Thus the two speculated until the sandpaper grating of Ermine's moccasins on the porch warned them, and looking up they beheld the scout, standing with his rifle in the hollow of his left arm. This was unusual and produced several seconds of very bad silence. Captain Lewis held up his hand in mockery of the "peace sign," and said: "I see you're fixed for war, Ermine. Sit down over there. I want to talk to you."

The scout removed his hat and sat down, but with the ominous rifle in place. He had been told by the orderly whom he was to encounter; and it had come over him that wanting to marry Katherine Searles might be some crime against the white man's law. He had seen very natural actions of men punished under those laws during his sojourn in camp.

"Ermine, I understand that during the temporary absence of her father this evening, you asked Miss Searles to marry you."

"I did, sir."

"Very well. Don't you think you took an unfair advantage of her father's absence?"

"I don't know, sir. A man doesn't speak to a woman before other men," replied Ermine, dubiously.

The Captain emitted a slight cough, for the blow had staggered him a little. He knew the law of convention, and he knew the customs of men; but they did not separate readily in his mind.

"In any event, Ermine, the young lady had given you no encouragement which would warrant you in going to the length of proposing marriage to her."

This was an assertion which Ermine did not care to discuss. His views would not coincide, and so he fumbled his hat and made no reply.

"I may state that you are not warranted in aspiring to the hand of Miss Searles for many reasons; further, that she distinctly doesn't want attention of any kind from you. To this I will add, her father and mother forbid you all association in the future—do you understand?"

This, also, failed to break the scout's silence.

"And," interpolated the father, "I may add that my daughter is already engaged to be married to Lieutenant Butler, which will end the matter."

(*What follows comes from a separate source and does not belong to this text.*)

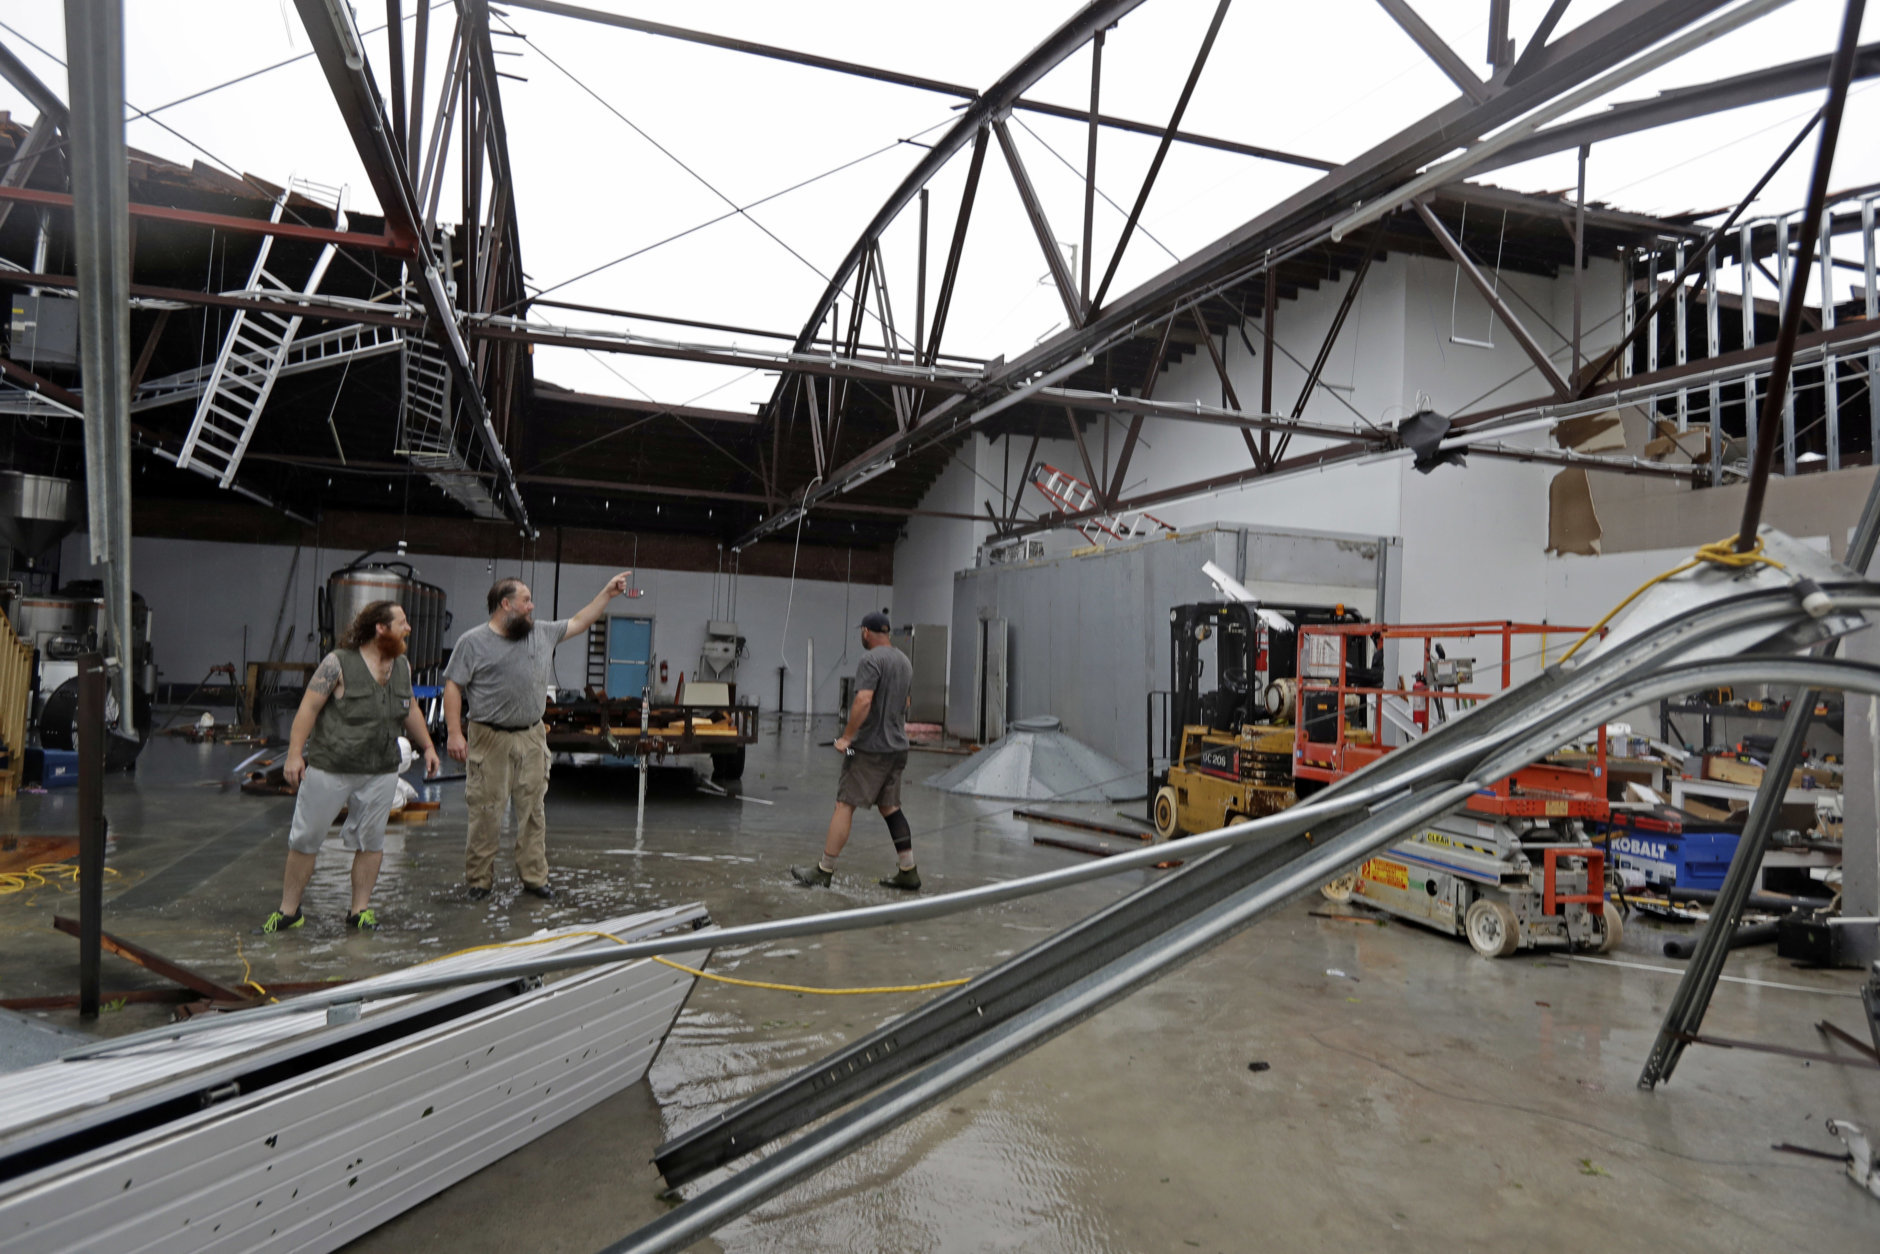 Ethan Hall, right, Michael Jenkins, center, and Nash Fralick, left, examine damage to Tidewater Brewing Co. in Wilmington, N.C., after Hurricane Florence made landfall Friday, Sept. 14, 2018. (AP Photo/Chuck Burton)

If the evening's occurrences had set the nerves of the Searles family on edge, it had torn the scout's into shreds; but he managed his stoicism.

"Now, my boy," continued Captain Lewis, with a sense of benevolence, "we do not mean to be hard on you. We all, including Miss Searles, feel a great pity for you in this matter."

"Pity—pity—what is pity?" saying which the boy's eyes took on an unnatural glow and he rose to his feet. Lewis quickly added, "I mean that we feel for you."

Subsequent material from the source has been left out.